Analysis of Diabetes data set of Pima Indians using Neural Network and NN Ensemble
Data Set Description:
Data set can be downloaded from UCI Machine Learning Repository. This data set contains of female patients (PIMA Indians) with at least 21 years of age. It has 768 instances and the following 8 attributes (All numeric-valued):
1. Number of times pregnant
2. Plasma glucose concentration a 2 hours in an oral glucose tolerance test
3. Diastolic blood pressure (mm Hg)
4. Triceps skin fold thickness (mm)
5. 2-Hour serum insulin (mu U/ml)
6. Body mass index (weight in kg/(height in m)^2)
7. Diabetes pedigree function
8. Age (years)
9. Class variable (0 or 1)
This data set contains the diagnostic data to investigate whether the patient shows signs of diabetes according to World Health Organization criteria such as the 2-hour post-load plasma glucose.
Exploratory Data Analysis:
The graph below (obtained from Weka) shows the histograms of all the attributes.
The above histograms provide the following insights:
- Class 0 with 500 instances represents patients who tested negative and class 1 with 268 instances represents the patients tested positive. Data set is small and seems to be biased with almost 65 percent patients testing negative. This could act as a limitation in the study.
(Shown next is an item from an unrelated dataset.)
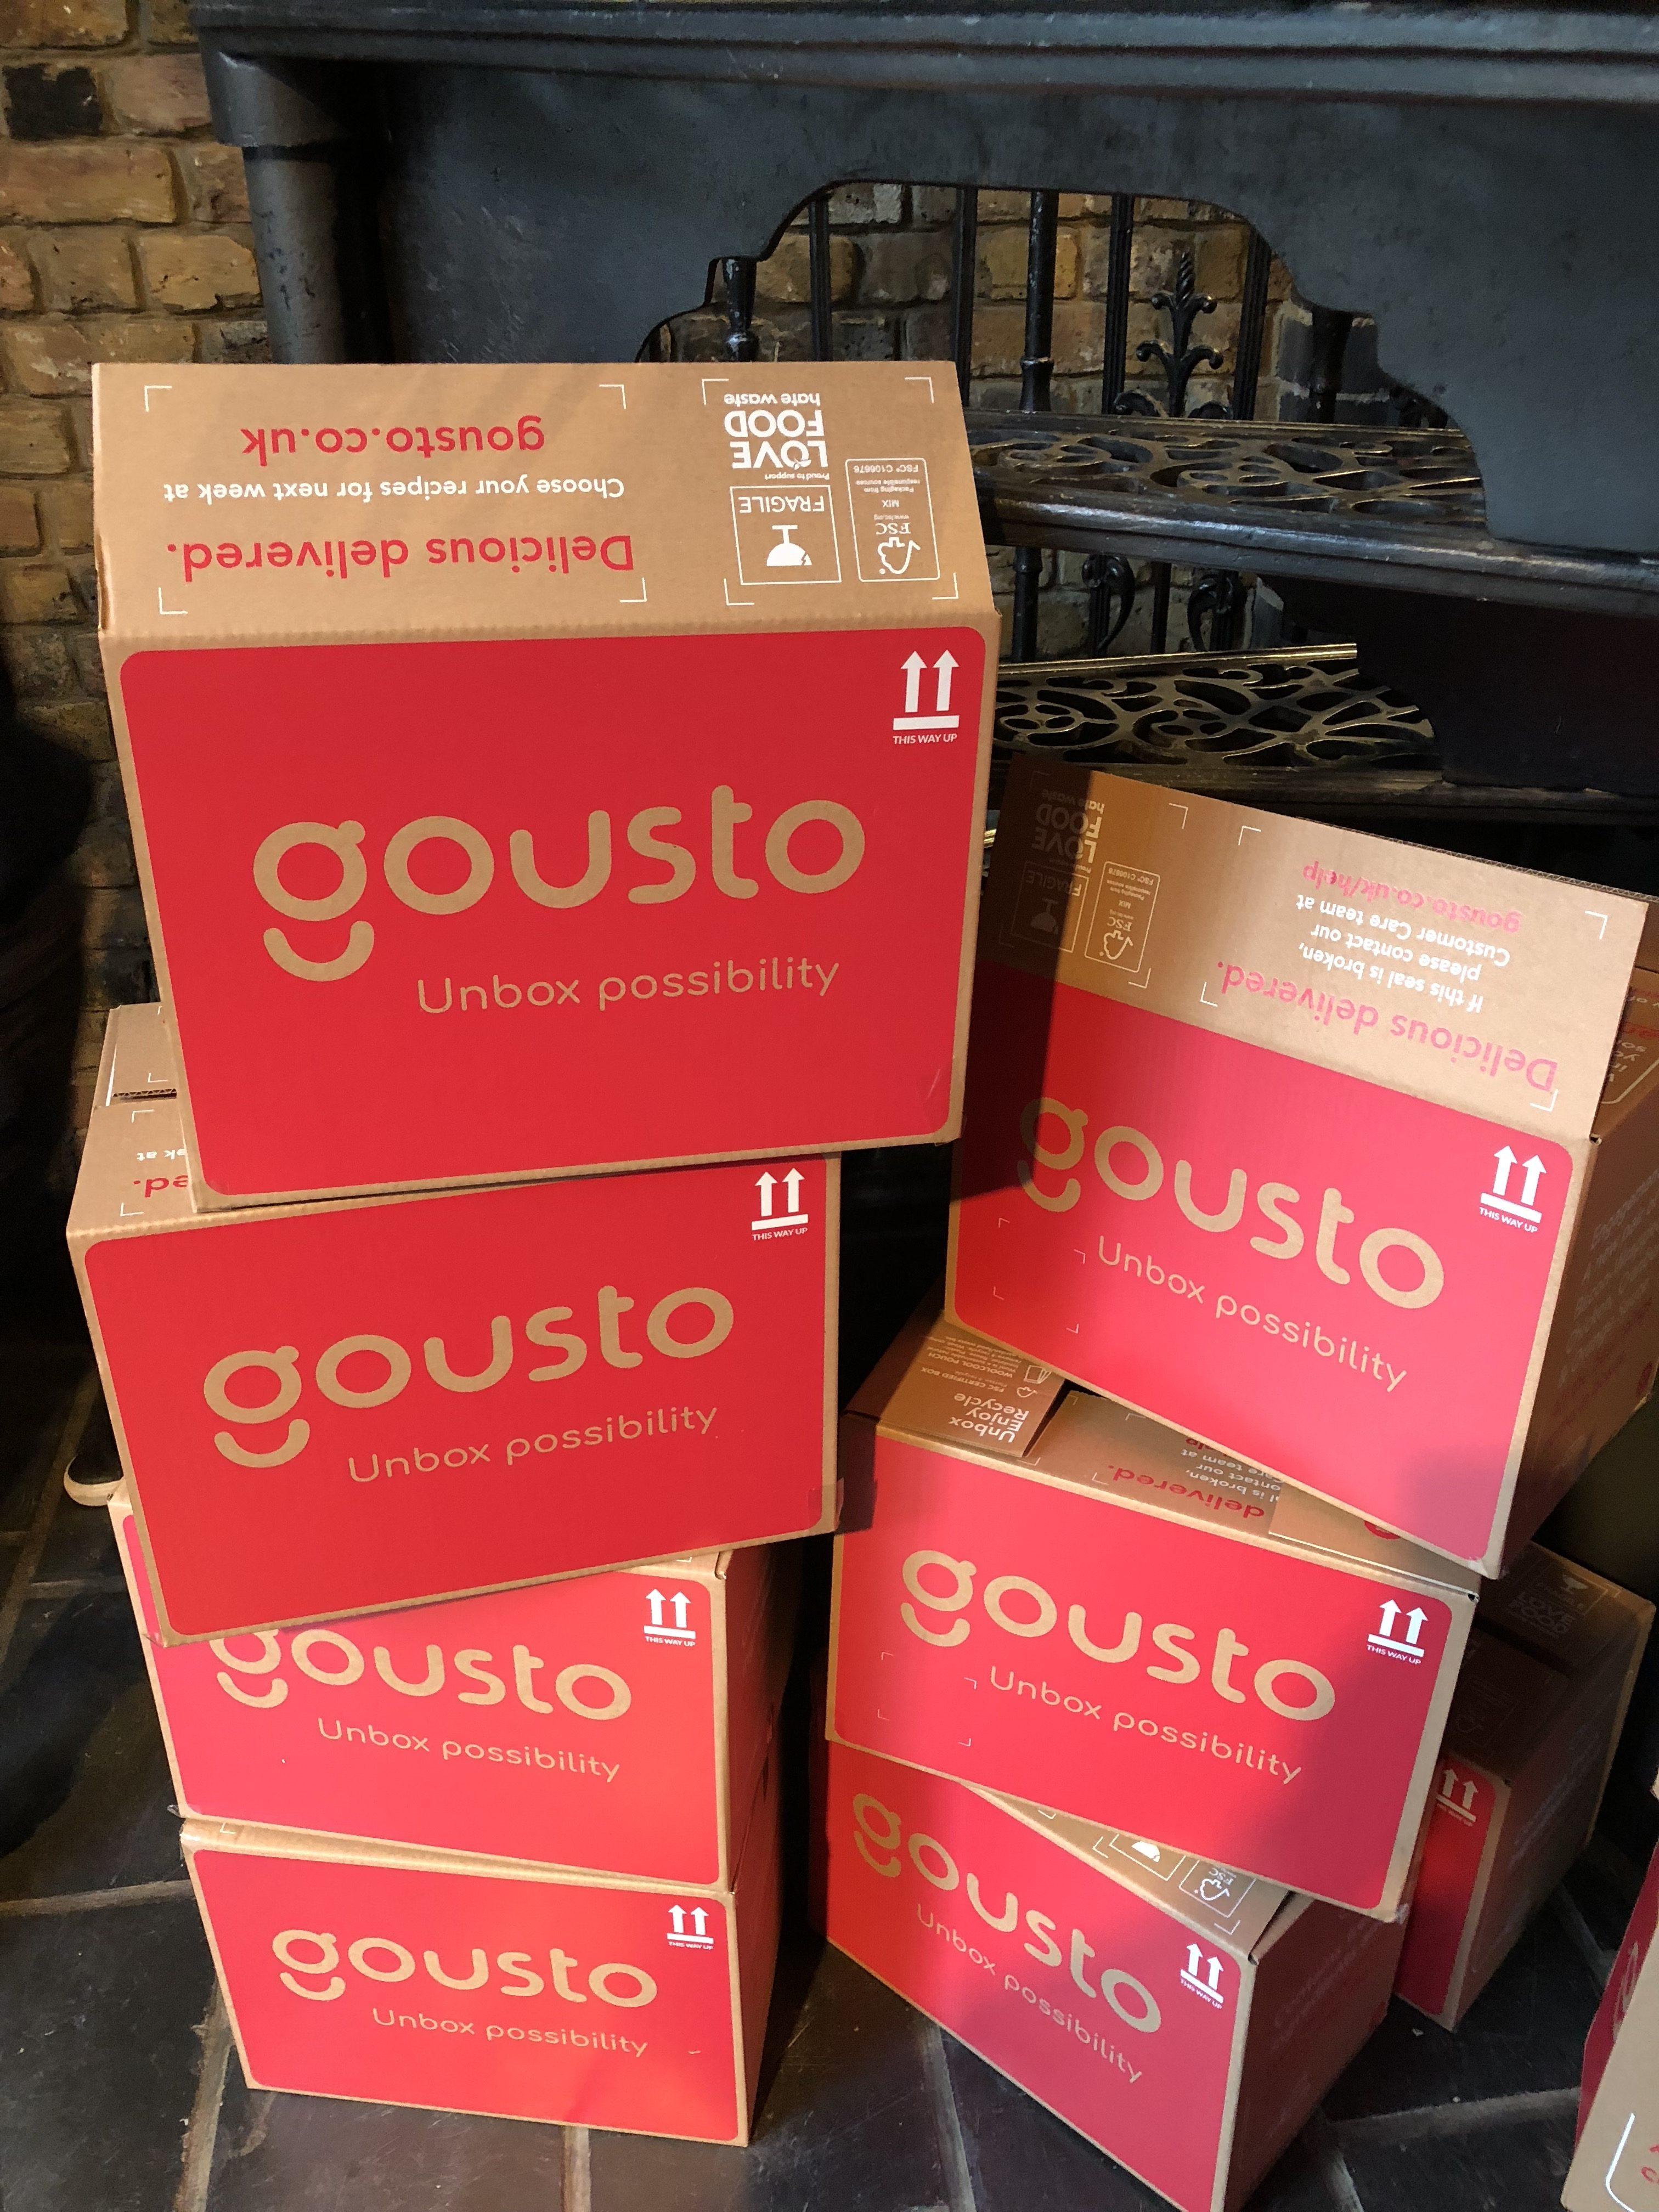 gousto boxes

- Attributes 2-Hour serum insulin, Diabetes Pedigree function, Age and Number of times pregnant are highly skewed to the right. While Plasma glucose concentration, Diastolic Blood pressure and Body Mass Index appear to be normally distributed.
- Removal of the outliers: As seen in histogram below there are 49 outliers (red bar) which have been removed as part of data pre-processing.
- Reviewing scatter plots below of all attributes did not show with relationships amongst the attributes, however, there is a sizable correlation in Body Mass Index and Triceps Skin Fold Thickness. The latter was later removed from the analysis to improve model accuracy
- Larger values of plasma glucose clubbed with larger values for age, and other factors tends to show greater likelihood of testing positive for diabetes (see the red dots below).
Algorithms Used:
- ZeroR Classifier used to determine the base accuracy for the the model. Base accuracy of 66 percent was found using this algorithm applied only training data. Below is the screenshot of the result obtained:
- Classifier 1 : Multilayer Perceptron (MLP) - MLP was first applied on 75% split dataset remaining being test. Validation split has not been considered owing to the small size of data set.
MLP With All fields on 75% split of data was set with a bias of 0.3 and momentum of 0.2 gave an accuracy of 69% as shown in the below figure.
MLP With 7 fields (excluding the Triceps thickness field since it was collinear to Body Mass Index) on 75% split of data was set with a bias of 0.3 and momentum of 0.45 gave an accuracy of 71% as shown in the below figure.
- Classifier 2: Radial Basis Function - RBF with default configuration and removing Triceps thickness field to eliminate collinearity. Here an accuracy of 73 percent was achieved which is higher than MLP.
- Using Ensemble Voting Technique: The results of classifiers were combined by the average of probabilities of outputs of MLP and RBF classifiers.
Run Information: Scheme: weka.classifiers.meta.Vote -S 1 -B "weka.classifiers.functions.RBFClassifier -N 2 -R 0.01 -L 1.0E-6 -C 2 -P 1 -E 1 -S 1" -B "weka.classifiers.functions.MultilayerPerceptron -L 0.3 -M 0.2 -N 500 -V 0 -S 0 -E 20 -H a" -R AVG Relation: Diabetes_Header-weka.filters.unsupervised.attribute.NumericToNominal-R9-weka.filters.unsupervised.attribute.InterquartileRange-Rfirst-last-O3.0-E6.0-weka.filters.unsupervised.instance.RemoveWithValues-S0.0-C10-Llast-weka.filters.unsupervised.attribute.Remove-R10-11-weka.filters.unsupervised.attribute.Remove-R4 Instances: 719 Attributes: 8
Results:
- Eliminating Triceps Skin Fold Thickness field gives better result.
- RBF Classifier performs better than MLP in the provided data set.
- Result of 73% though not very high but compared to base accuracy of 66% is significant.
- Ensemble technique takes the average of MLP and RBF classifiers output and provides the accuracy of 72% but it correctly classifies 44 true positives for class 1 much higher the predicted by RBF Classifier.
Disclaimer: The analysis has been done using Weka 3.8 as part of my masters study at NUS. The content is my understanding of the subject gathered during study and following journals on the subject. The cover image has been downloaded from the internet.